Below there is a picture of me from a couple of years ago, demonstrating one of the moves that we went over in class tonight – one that I can still do, even in my current state. There’s a lot of things I know how to do that I can’t do right now.
What I mean by my current state is that I’m, er, fluffier than I’ve ever been in my life. Being overweight is no fun. Yes, I know some people would love to be “only” as heavy as I am. Someone will always have it worse than I do. But that doesn’t mean that I have to accept my body the way that it is. Feeling more self-conscious than I have in a long time, buying larger and larger (and larger!) clothes, finding rolls where there used to be curves and all the other new experiences I’m having are not things that I want to get used to.
I know how I got to the weight that I’m at. I take full responsibility, and I’m taking steps to fix it. Lately I’m starting to feel trapped in this body… it’s claustrophobic. Strangely, I’ve run into a lot of people that won’t work out because they want to be “in better shape first.” It boggles the mind, how extremely damaging our egos can be at the expense of our well-being. Fighting the urge to hide and just hope for a shift in my body, I am putting myself out there as much as possible. Moving, being more mindful of my eating habits, looking for ways to encourage weight loss.
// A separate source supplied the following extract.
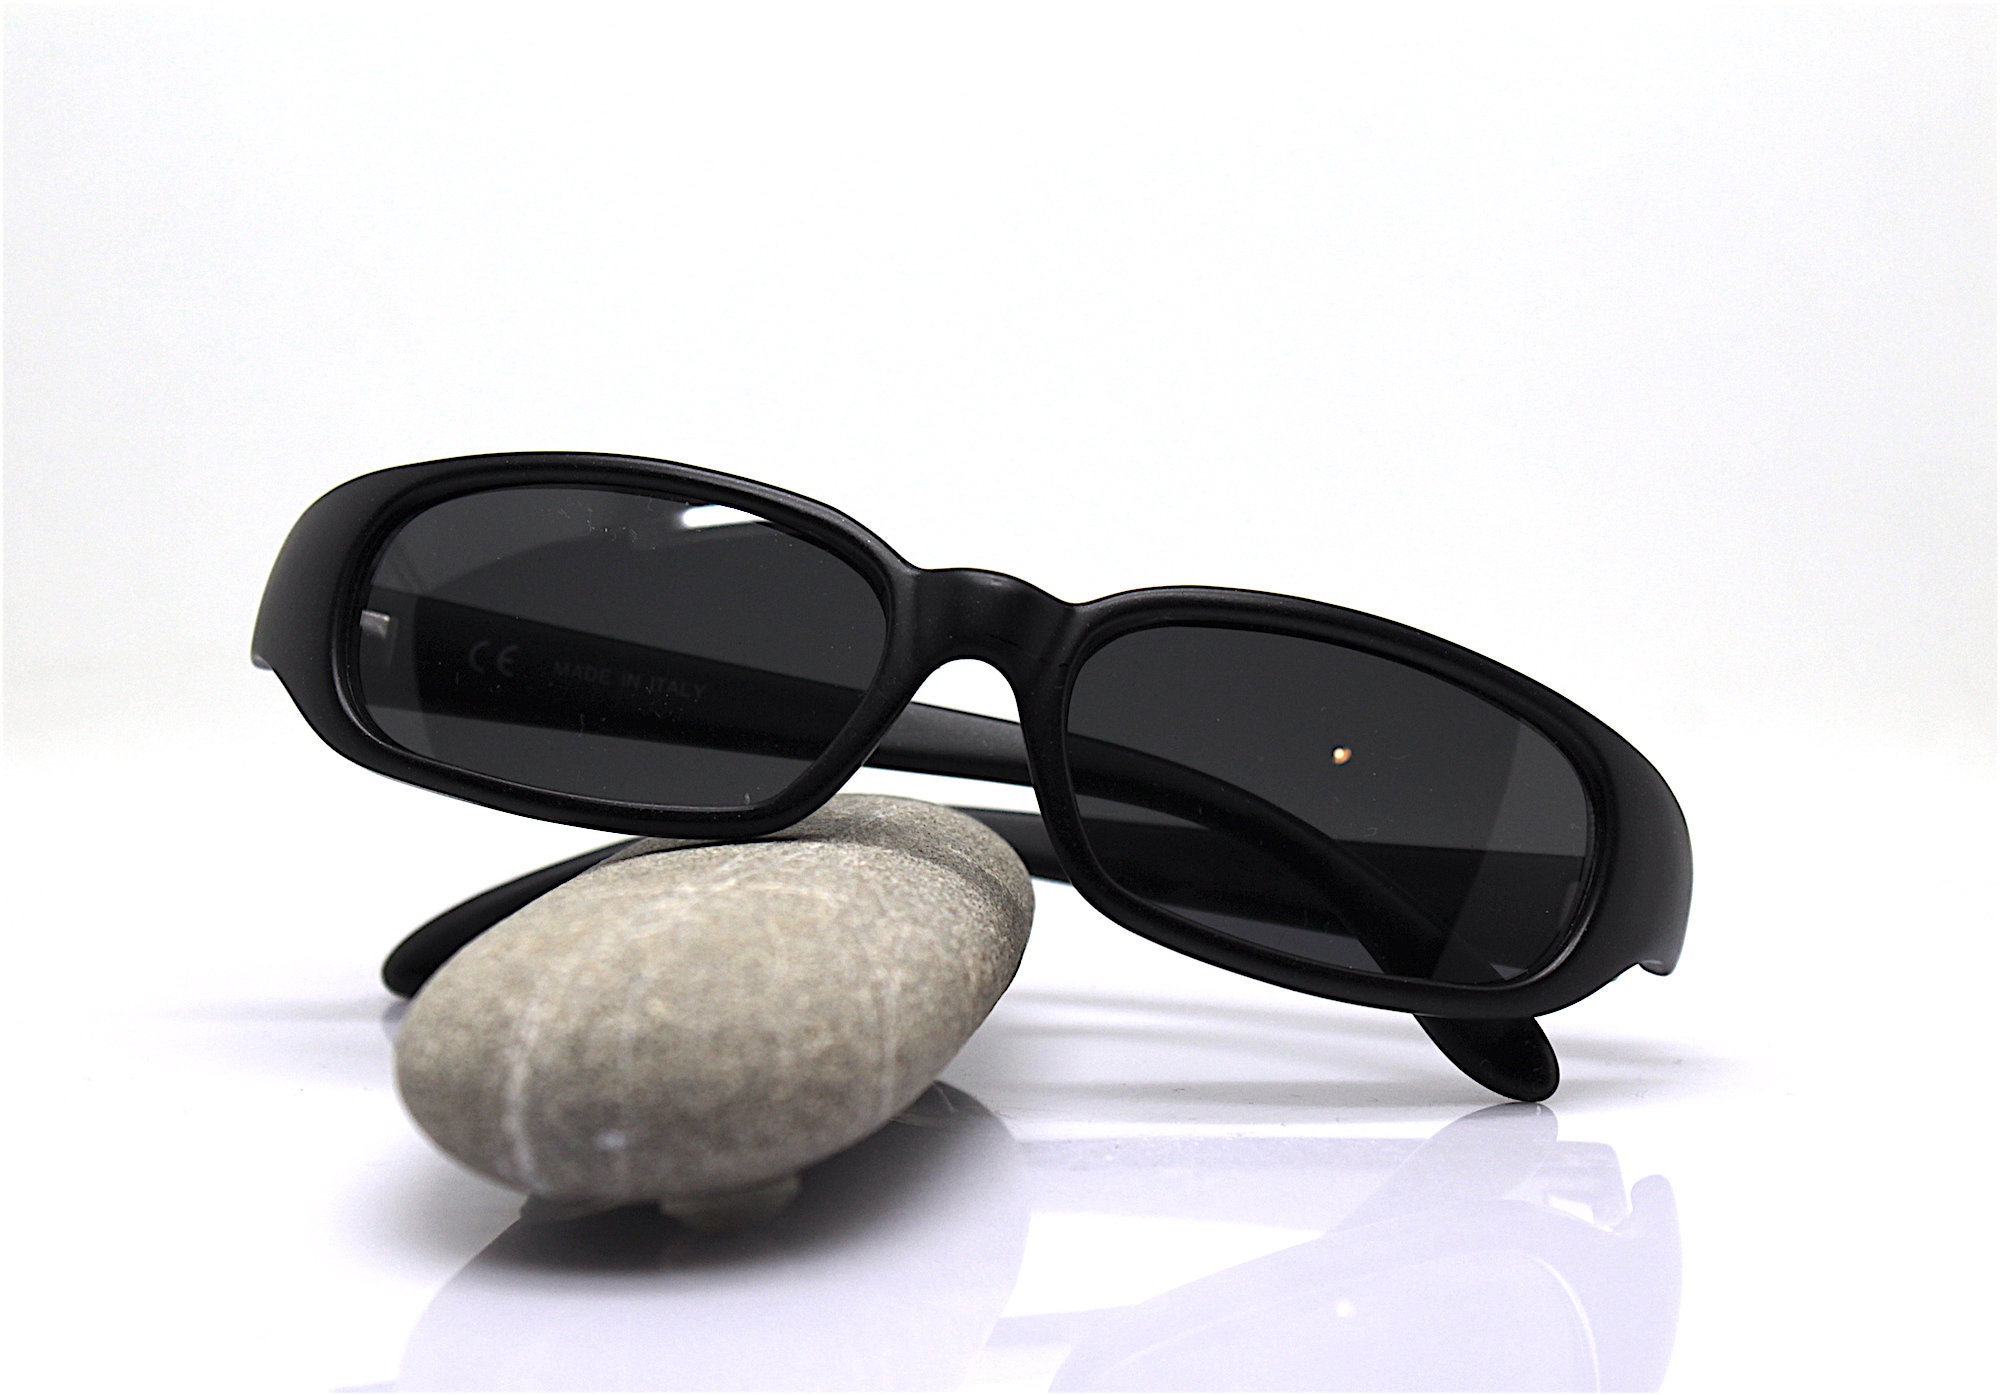 Made in Italy Small Size Rectangular Sunglasses Men Matt Black Frame Black Lens Vintage 90S, Small Black Rectangular Men's Sunglasses

In the meantime, I’m practicing svadhyaya (self study) and santosha (contentment). It’s somewhat difficult to practice both at the same time, I find. Once some defect or issue gets discovered, I want it fixed right now. But just because you decide on a course of action, the results do not happen instantly, and I am working on being radically self-accepting even though I’m not where I want to be.
I have faith and hope that I will actually come to acceptance in my physical aspect. I am setting an intention that I will be great with whatever shape I end up with, as long as it allows me to fly on the pole! That will be something if I can accomplish that deep of self love.
A lot of women have issues with weight, regardless of shape and size. Every woman I ever met has something to “work on” no matter how gorgeous she is. Do you know anyone that is okay with her body? Are you okay with yours? What do you do to help you be more accepting of your physical self? I would love to hear your input on this issue. If you’re not comfortable posting on my blog for all to see, feel free to share your story with me privately with a message on my Hope on Heels Facebook page.
C.S. Lewis said “You don’t have a soul. You are a soul. You have a body.”